_PROBLEM_
Could you transcribe exactly the lines from the one containing "Visual of The Story of Money: Livestock" through the end of the listing below, both included, but none of the pictures?

----- RAW DATA -----

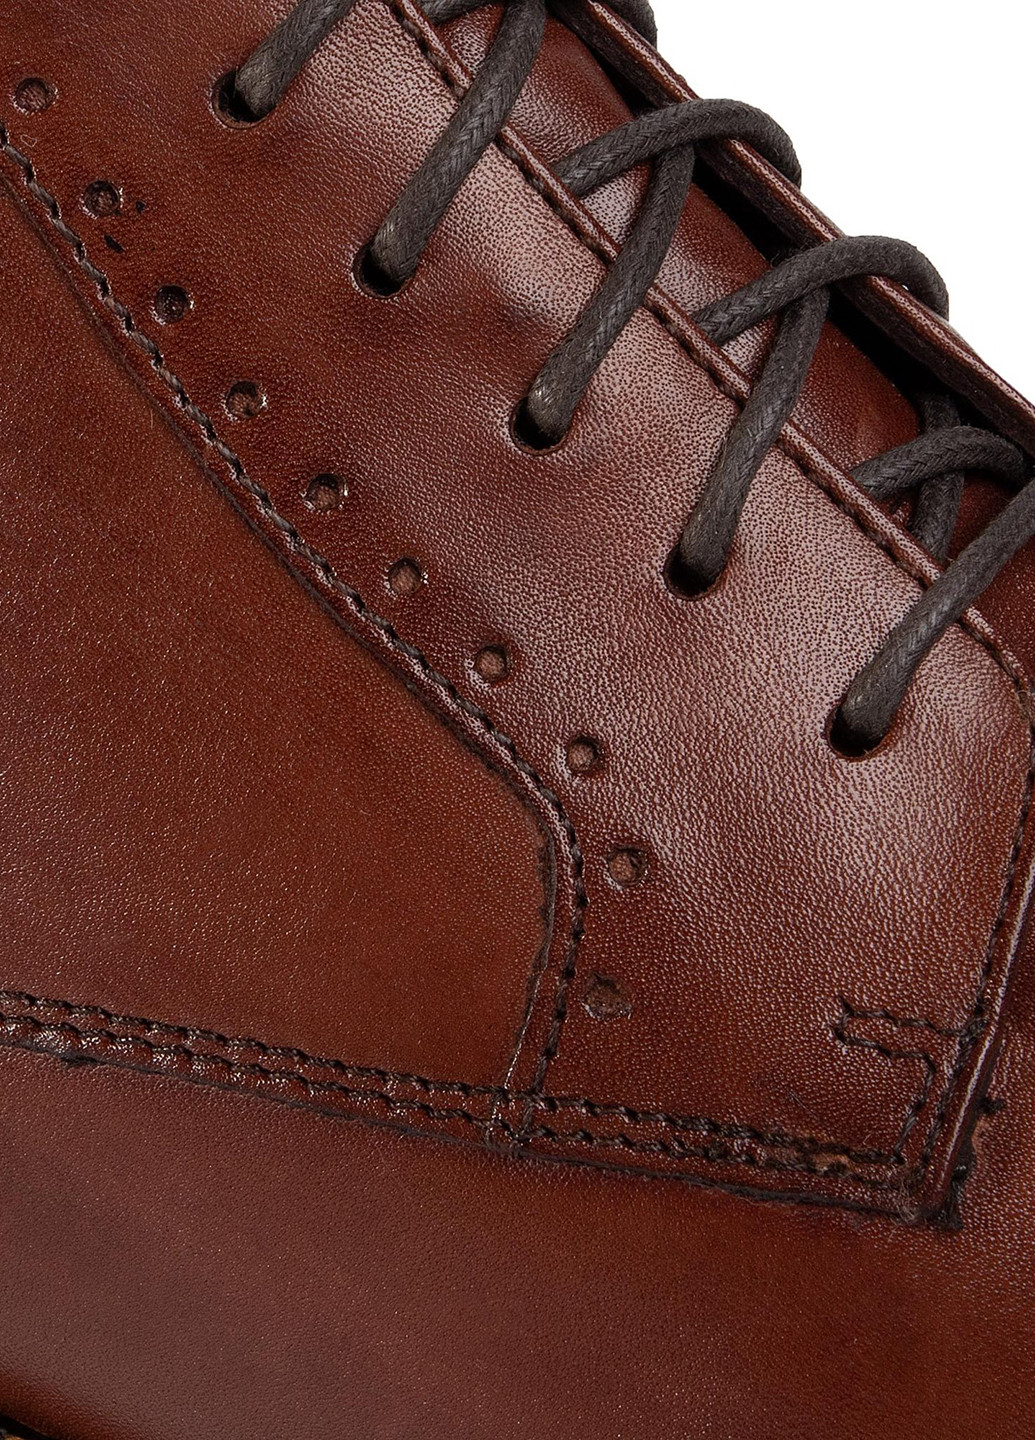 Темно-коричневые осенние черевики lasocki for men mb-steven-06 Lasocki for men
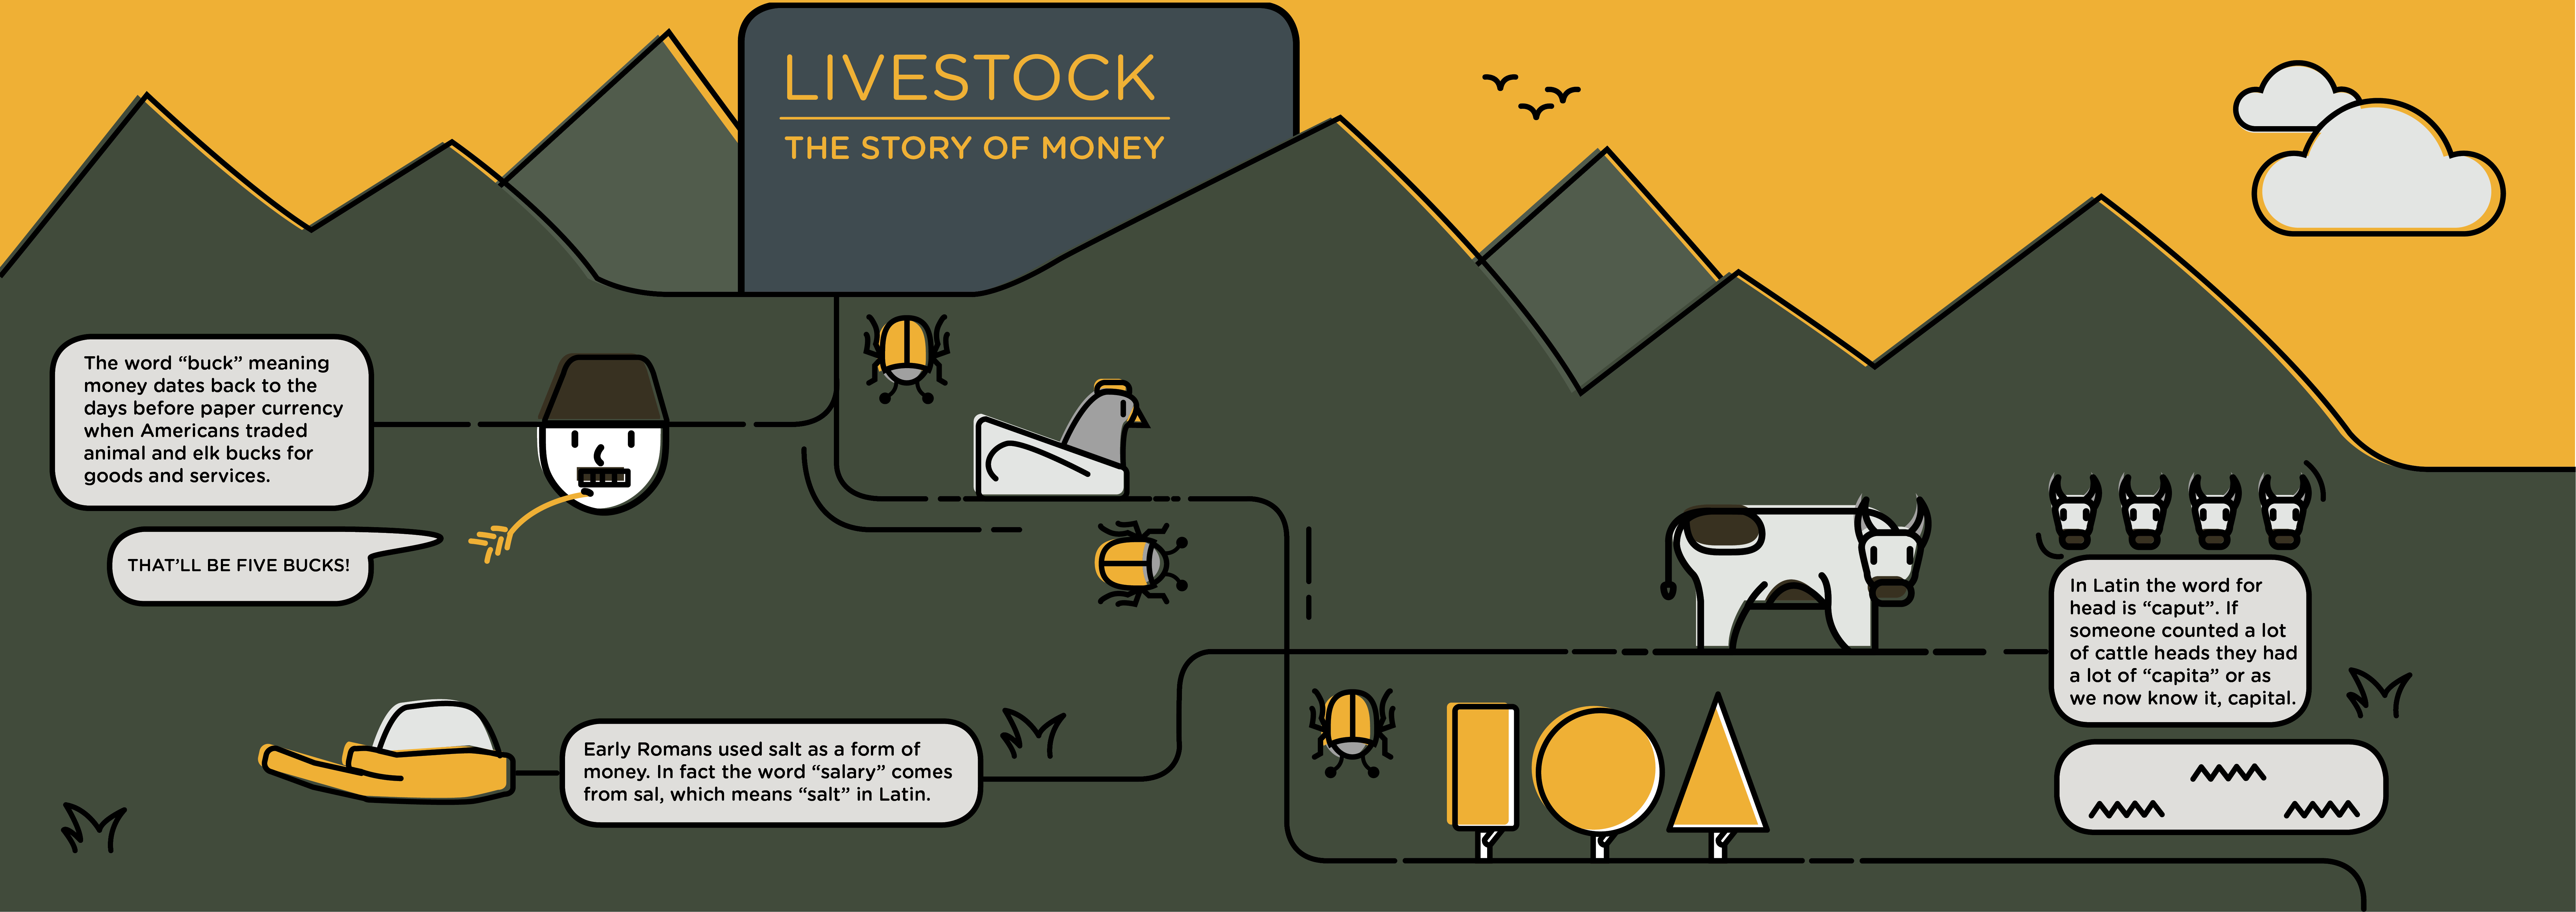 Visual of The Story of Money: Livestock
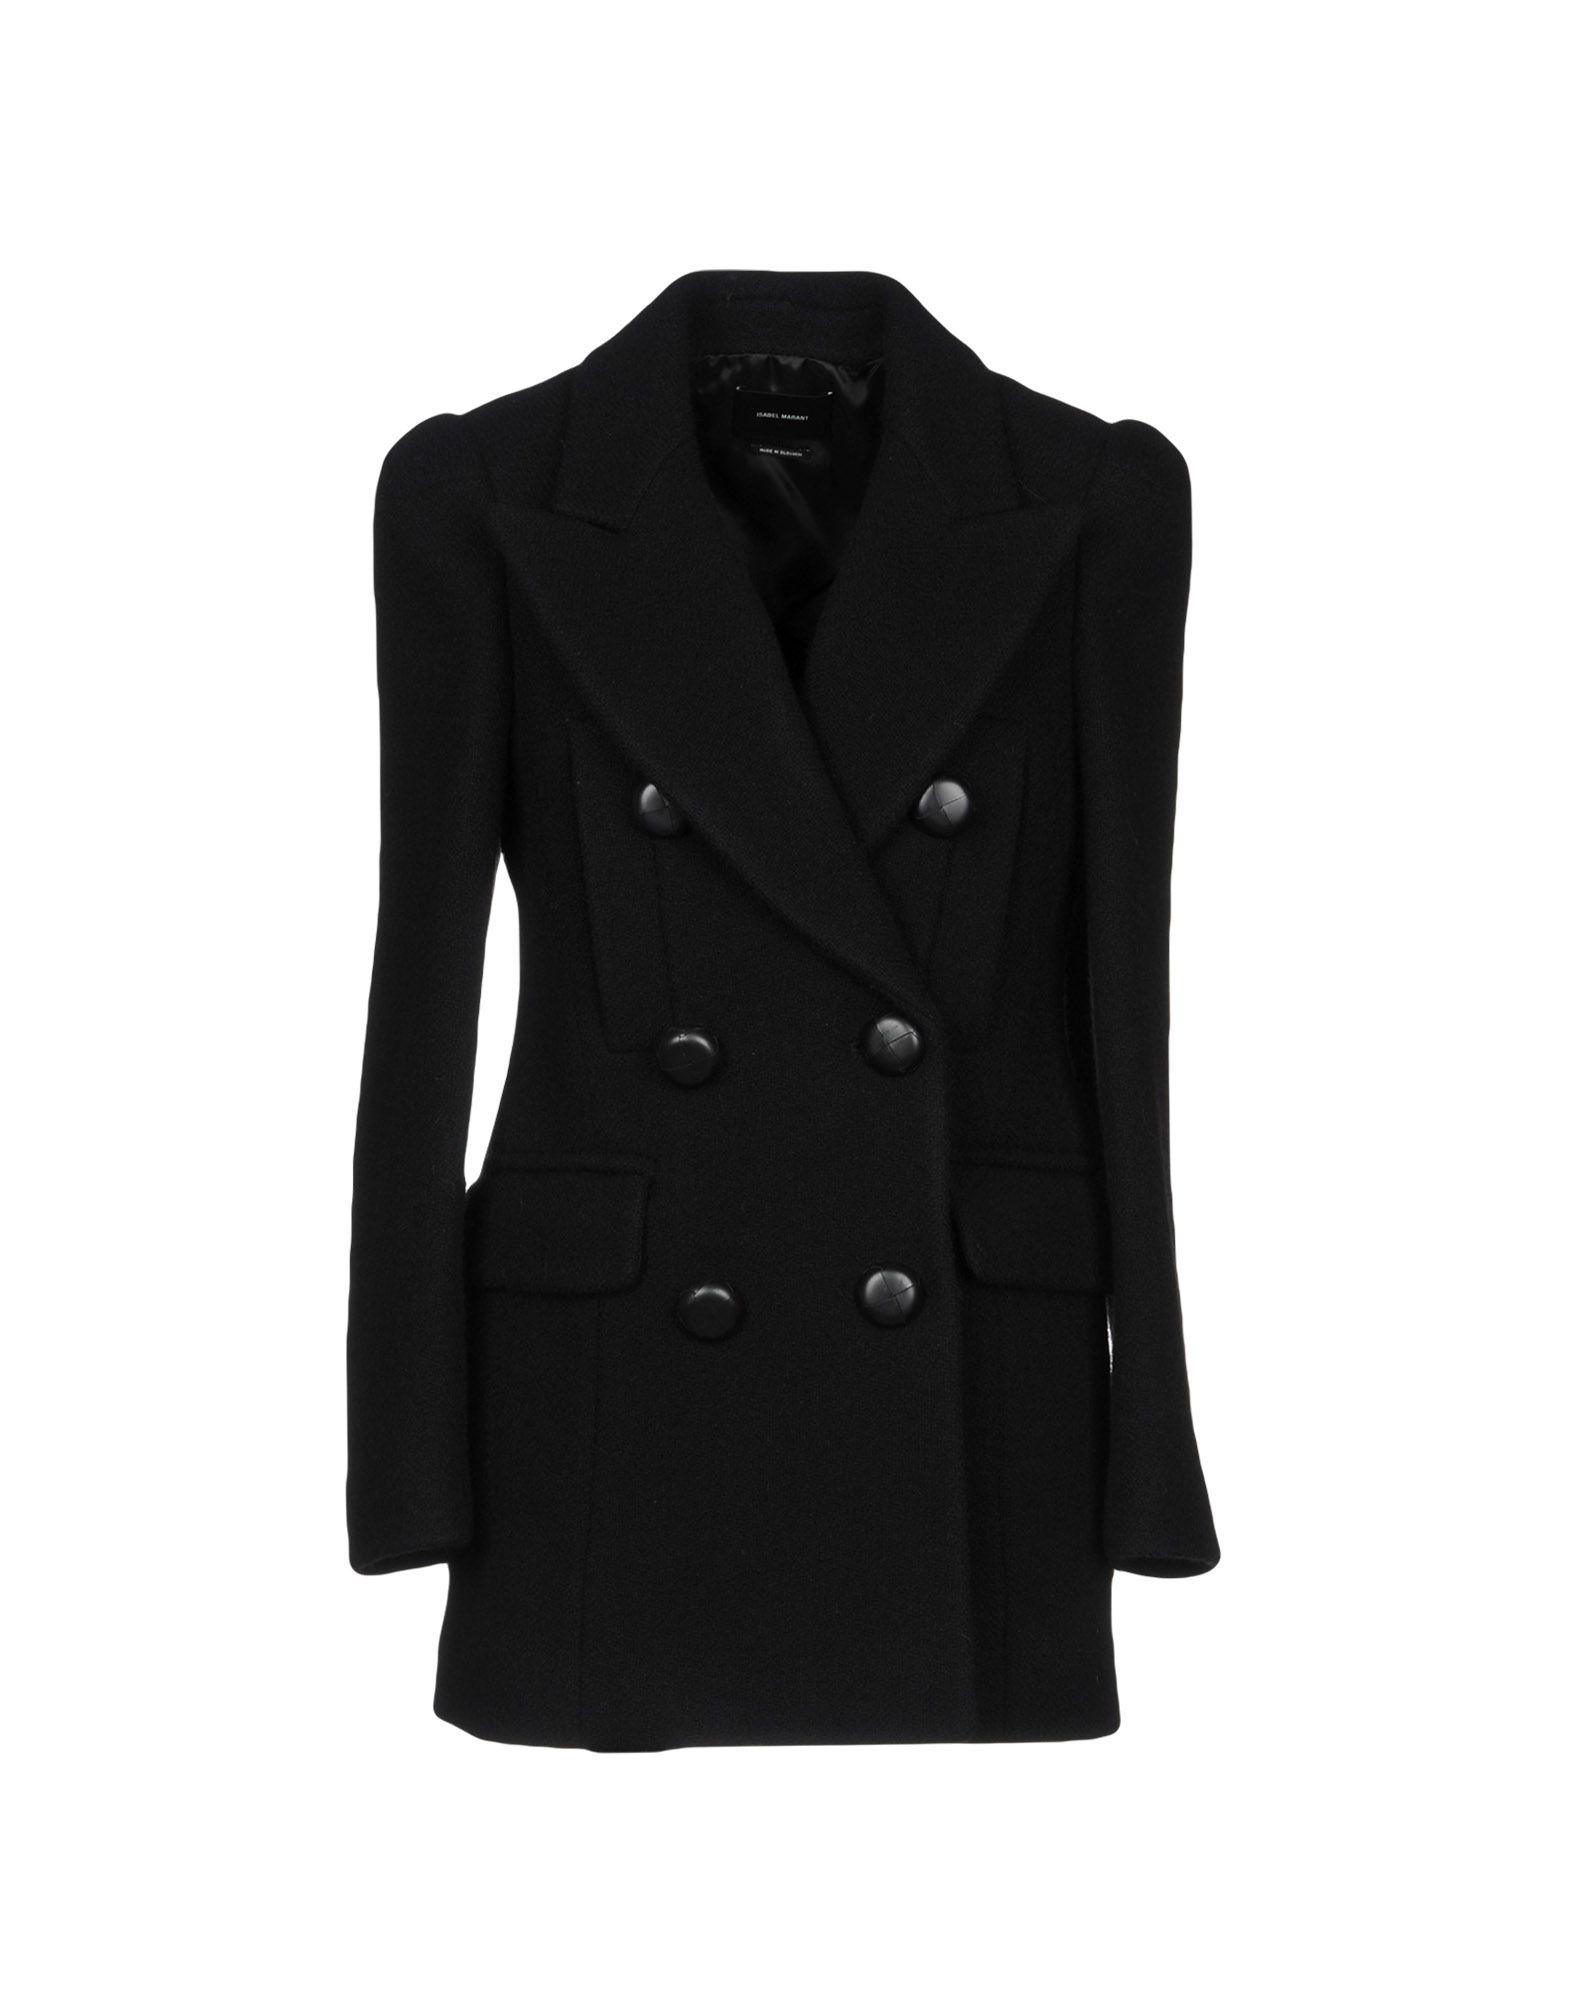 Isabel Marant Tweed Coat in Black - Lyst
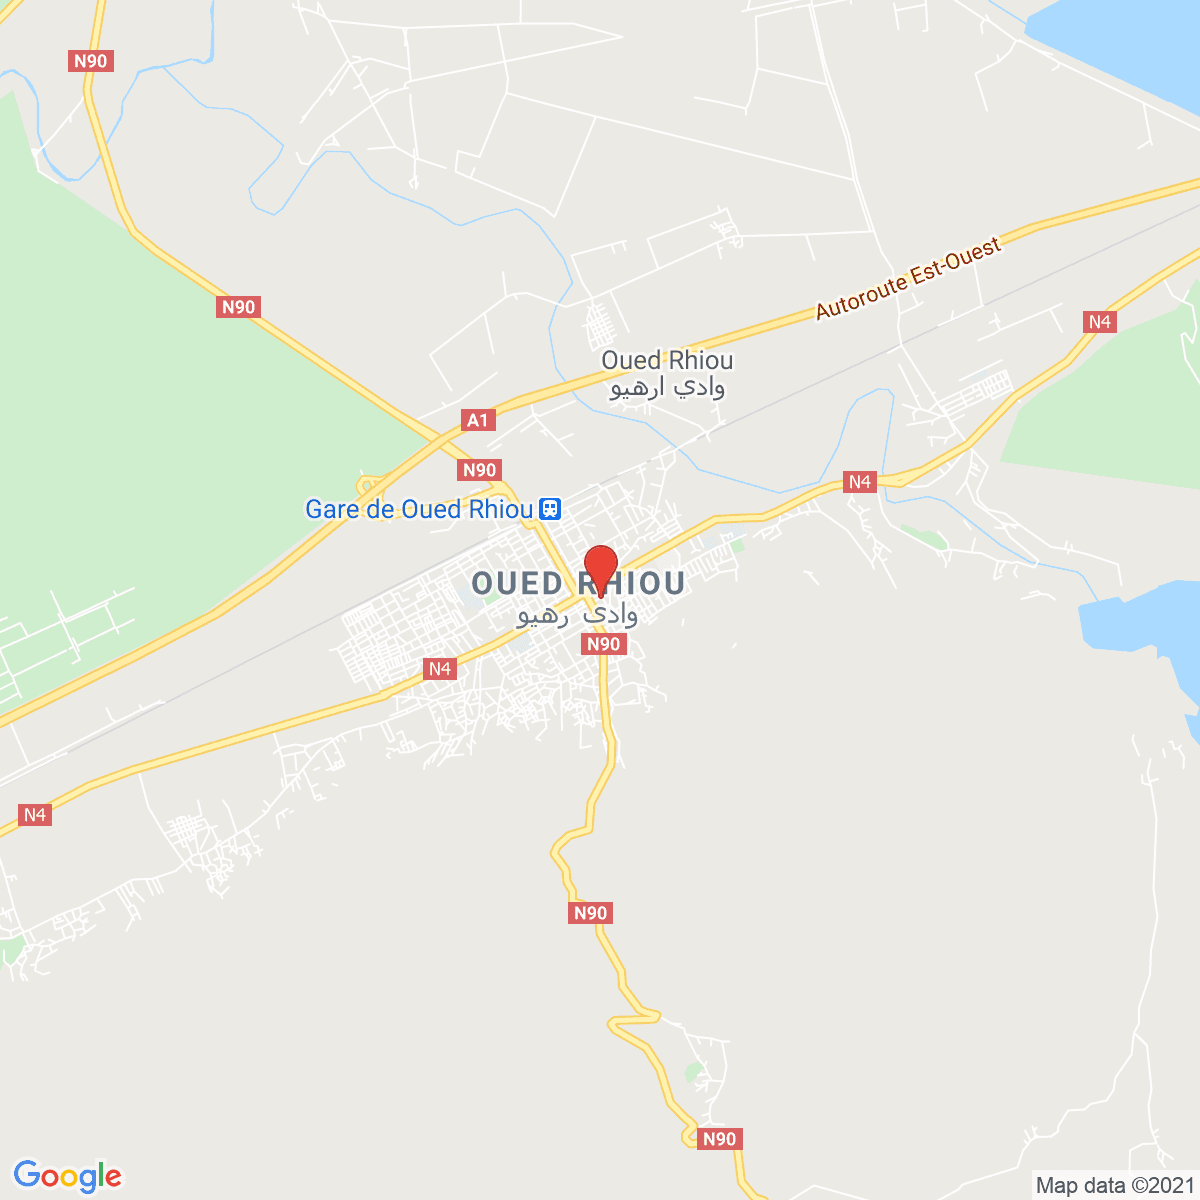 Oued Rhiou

-----

_RESPONSE FOR THIS EXERCISE_
 Visual of The Story of Money: Livestock
 Isabel Marant Tweed Coat in Black - Lyst
 Oued Rhiou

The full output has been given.